# Chrome Crank Baits



## bigcrank (Apr 14, 2008)

I'm a beginner at airbrushing and really like the effects of transparent paints on top of factory chrome baits. Some manufacturers like Smithwick do not offer a P-10 in pure chrome. I've tried the Createx spray chrome and it looks OK, but isn't the mirror like reflective properties I'm looking for. I've seen Super Chrome and Hydra Chrome, but its expensive to get into... So my question is, does anyone know of another solution or place to have plastic baits sent to to have them chromed? Thanks in advance...


----------



## bigcrank (Apr 14, 2008)

Some of my first attempts...chrome Bandits from factory...


----------



## ristorap (Mar 6, 2013)

Those are neat looking .


----------



## bigcrank (Apr 14, 2008)

ristorap said:


> Those are neat looking .


Thank you!


----------



## bustedrod (May 13, 2015)

i have a buddy that tried the chrome, he dipped them but i dont know what he used


----------



## JamesF (May 20, 2016)

If anyone has a method for a good all chrome finish I would be very interested. My last ones were factory made, and caught a lot of fish. But those are some where at the bottom of the lake.


----------



## JamesF (May 20, 2016)

A good chrome base so I'm being told starts with a high quality paint. Just now learning the process. I'm going to my friends shop to practice with some leftover auto paints. Just to be able to see and get an idea of how to work with these paints . I get the feeling that I will be his clean up guy ,at first. He's told me , that's the best way to get started . Knowing how to keep things clean and clear is one important key during the entire process. We'll see! Luckily my new airbrush is one that he uses.


----------



## HappySnag (Dec 20, 2007)

bigcrank said:


> I'm a beginner at airbrushing and really like the effects of transparent paints on top of factory chrome baits. Some manufacturers like Smithwick do not offer a P-10 in pure chrome. I've tried the Createx spray chrome and it looks OK, but isn't the mirror like reflective properties I'm looking for. I've seen Super Chrome and Hydra Chrome, but its expensive to get into... So my question is, does anyone know of another solution or place to have plastic baits sent to to have them chromed? Thanks in advance...

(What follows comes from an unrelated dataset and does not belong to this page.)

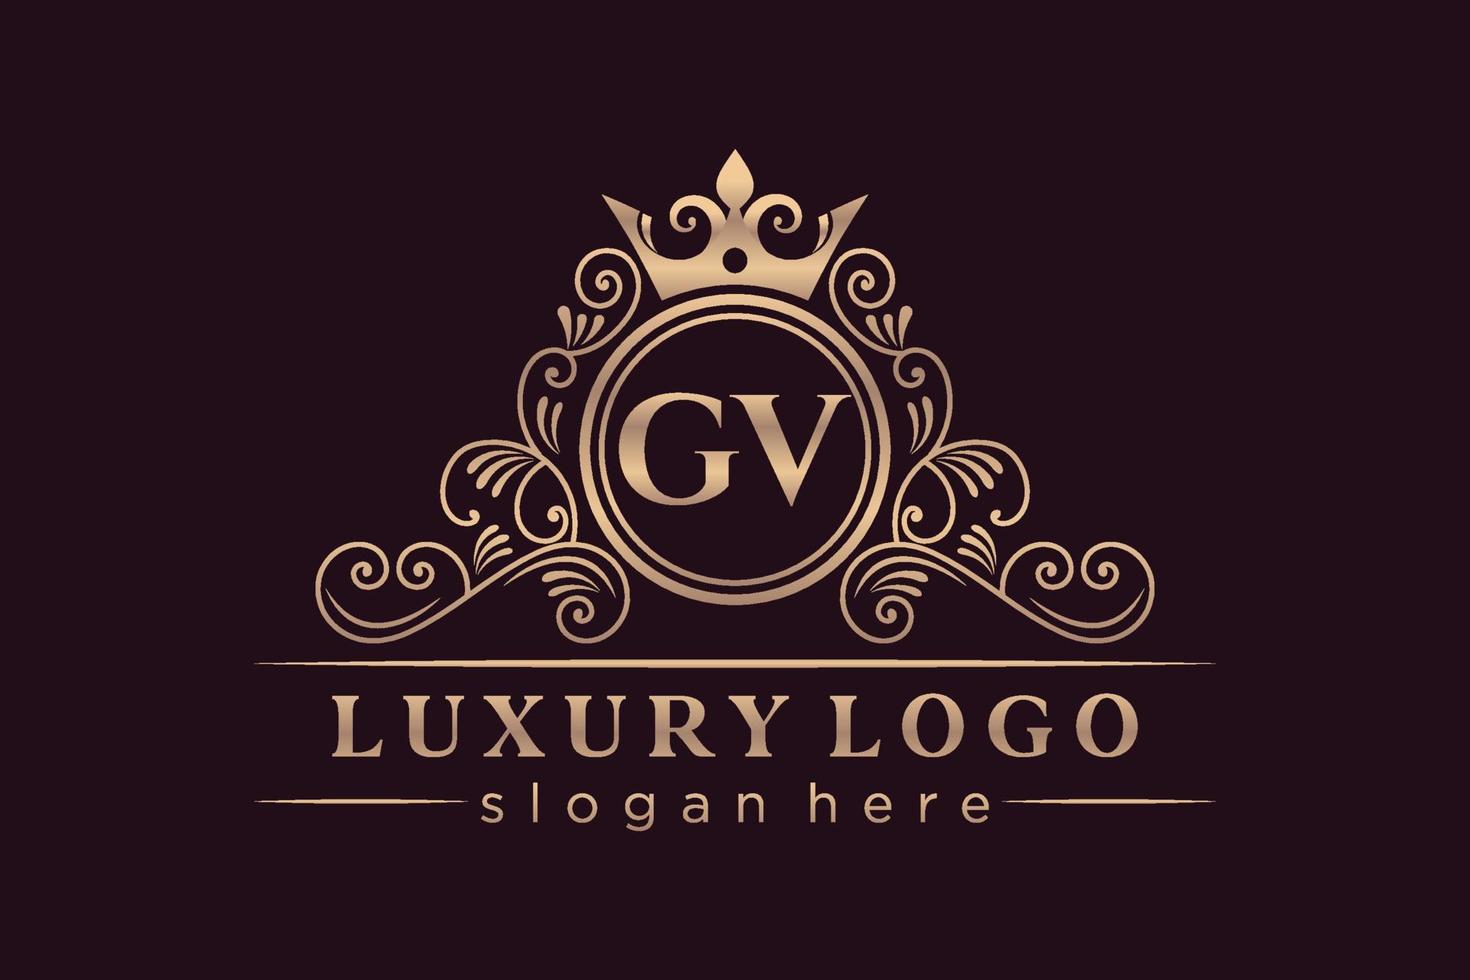 gv letra inicial oro caligráfico femenino floral dibujado a mano monograma heráldico antiguo estilo vintage diseño de logotipo de lujo vector premium
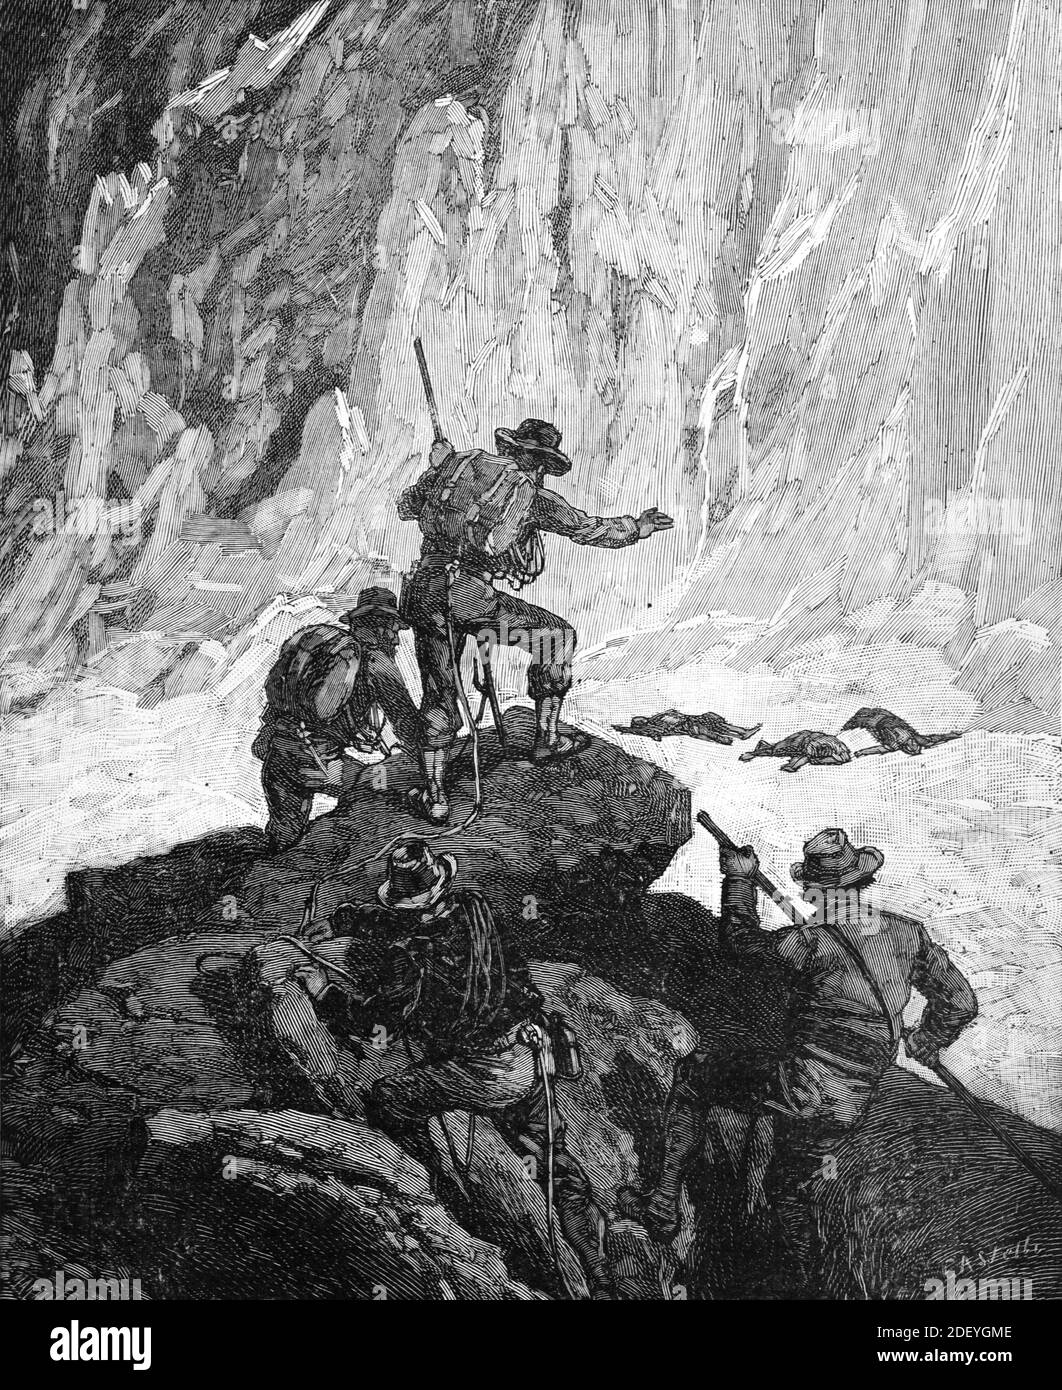 Tragedia o tragico incidente di montagna sul Cervino. La spedizione Edward Whymper nelle Alpi svizzere 1865 (engr Castelli 1884) Illustrazione o incisione d'epoca Foto Stock

if the lures are magnetic you can have the chrom plated like steel.
you have to call plaiting company ,how much they would charge.

or you have to make thank with solution for plating,you put the lures in tank with solution and chrome and plug in power and after so many hours it will be chrome plated.
check on you tube.
or you can glue aluminum duck tape on lure and seall that with epoxy,this would be cheepest way.


----------



## Seadoocaptain (Jul 25, 2016)

From mostly everything I've read regarding chrome for airbrushing and tackle making is that most guys doing "chrome" customs, foil their baits using aluminum HVAC tape before painting. The tape can be polished to a near chrome finish. I just picked up some holographic/chrome vinyl rolls from Michaels tonight I am going to try and wrap around a crank and paint on top... It has the reflection qualities of the chrome bandits out of the package. 

This stuff also looks nice too, especially for the price!

https://www.amazon.com/ORACAL-Silho...ocphy=9015333&hvtargid=pla-397944826743&psc=1


----------



## JamesF (May 20, 2016)

Looks like an interesting project.


----------



## Fishman2025 (Aug 14, 2009)

When plastic is chromed it is by a process called vacumn metalizing. 
That is how the factory cranks are done. No painting involved. Except for clear coat. 


https://www.vacuum-metalizing.com/what-is-vacuum-metalizing/


----------



## JamesF (May 20, 2016)

A tad out of my price range! But a good understanding of the process.


----------